This post is going to be all over the place but I decided to write it because I got all sappy tonight retelling God’s goodness and kindness of answering a prayer in His perfect timing that I had prayed sooooooo many stinkin’ times it felt like I was speaking into the wind where the words were just blowing behind me instead of the Person in front me that they were directed to.

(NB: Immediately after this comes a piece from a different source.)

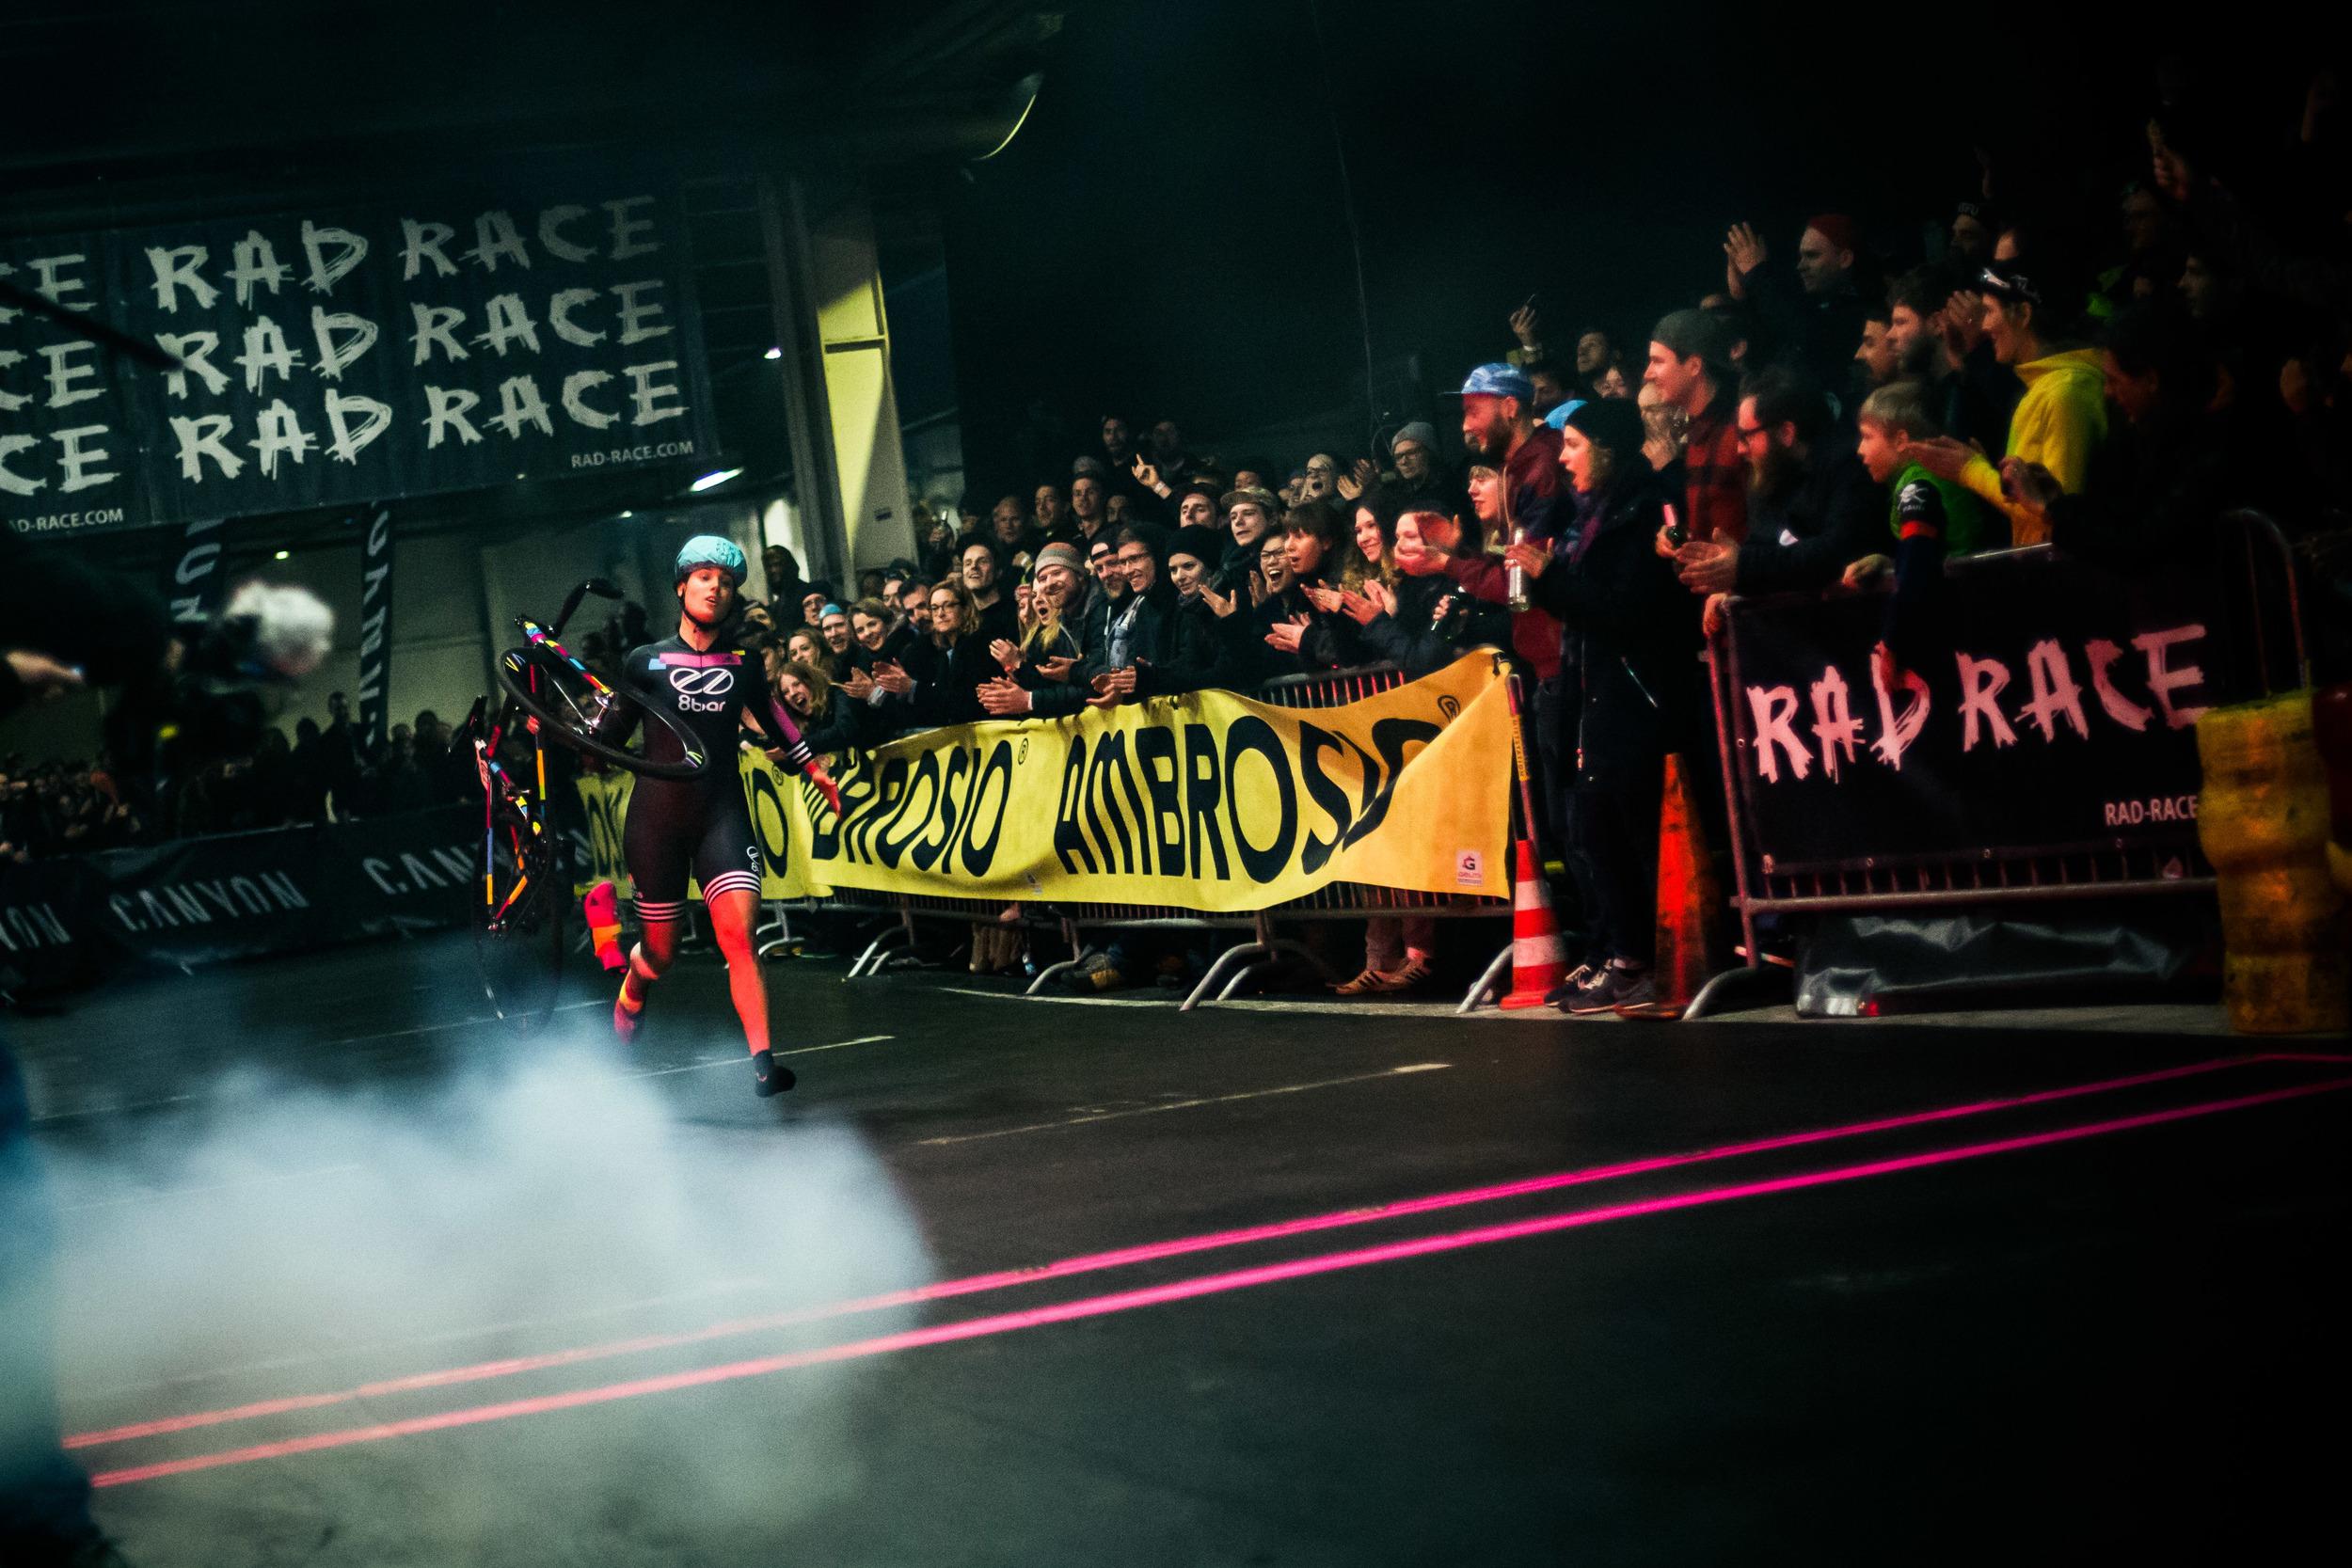 RAD RACE Last Man Standing, Berlin March 19 2016 - Shot by Bengt Stiller 9.jpg

What’s the prayer I prayed? Friendship. True friendship. In all honesty, this prayer started in college. I had friends in college but not the kind of friends who were my besties . (College people, this little snippet goes out to you – it is FAR better to not have any friends in college than to have many friends who don’t push you toward Christ. This is coming directly from someone who went through four years of schooling longing and praying for just one friend to call my BFF while there. (Lindsey, you don’t count in this because you have always and will always be my first BFF)). Then I got married and before I knew it we had a baby and had settled back into our hometown. We went to church on Sundays. I tried to get involved in MOPS and other mommy groups. I tried “dating” other moms on play dates but it all fell flat. Most people I met had all their friendship connectors filled and I had arrived a minute too late to really plug myself into anyone. I was desperately crying out to God for one friend. Just one. It was a pretty easy prayer to answer – at least I thought so. Plus Jesus is my bestie and He died for me, so what else did I really need. Queue this video: https://www.youtube.com/watch?v=1iUU6jTqB6k
Well, long story shortened (‘cuz who knows how short this will end up being). We switched churches and were plugged almost immediately into a Connection Group full of people we knew nothing about and it was amazing! But this isn’t where the story ends and I raise up my hands and say I got my friends! These people were awesome and great and there will always be that bond of that group but half of us were sent on to start up Connection Groups in Cedar Rapids that would be the beginning of Veritas Cedar Rapids (which is another God story in itself). Anyway, years past and more babies were born…
I still remember the moment. And it still brings those happy, sappy, God is too good and kind to me tears. It was the moment I realized my prayers (the desperate ones, the ones that were lonely and felt like they were directed toward deaf ears) were answered. It was when I realized that God hadn’t been turning His ear from me but telling me all along to wait, that He had the perfect friendship waiting for me but that the timing of it would be the sweetest gift. One that I will always hold deeply too (just like the gifts of my husband and children and healing of our sweet boy).
I’ve written about it before but when Garrison was born, we spent the first three-ish months of his life back and forth from the U of I Children’s Hospital. It was exhausting. Our wonderful community set up meals and watched our kids and did everything they could to make those months smoother.
I still remember the day that Alexa came to my house to bring our family dinner. She remembered me telling her that hospital days were exhausting and how I never had the energy to feed my family by the time we got home (and this was well after the initial weekly trips to the hospital had stopped and when life had calmed waaaaaaaaaaay down). It feels like just yesterday that I heard God telling me “My sweet child, I heard your prayers. ALWAYS! I wanted you to wait for the friendships that I knew would be perfect for you.” And He was right.
This friendship (and all the friendships He has graciously given to me the years since – shout out to all my homies!!!!!!*), was so worth the wait.
The point of this post isn’t to gloat over my bestie (although she is pretty great) but really to say, if you are lonely, keep praying. Keep praying. God is faithful and He listens and cares and your cries out to Him do not land on deaf ears. And if you are lonely (or maybe you don’t even realize you are lonely because you have filled your life with busy-ness to distract you from loneliness), I am willing (me, Karlee Sue Hufford) to step in and be the community you need. You know, the one you call when you are sick and need diapers or medicine or chicken soup or someone to watch your kids or to bring you Starbucks or just listen and pray with and for you. We might never be BFFs but I’ll stand in until you look up one day and see your best friend standing there and you get to see answered prayer. Because when you see God answer prayer in His perfect timing, you always realize the wait was worth it. Loneliness is always worth seeing God’s work in your life. Always.
So if you are not willing to ask (I know the most humble of us struggle with pride (raises my hand) and it SUCKS to admit you are in need of friends – believe me, I’ve been there, done that) and I see you looking lonely, please accept my offers to lighten your load (motherhood is a heavy thing to carry all by yourself) and to be your friend.
*So I was totally going to write homommies (you know, a combo of homies and mommies) but I realized after getting mad at autocorrect for changing it to homilies a dozen times that homommies looks and sounds like ho-mommies and we don’t want any of that.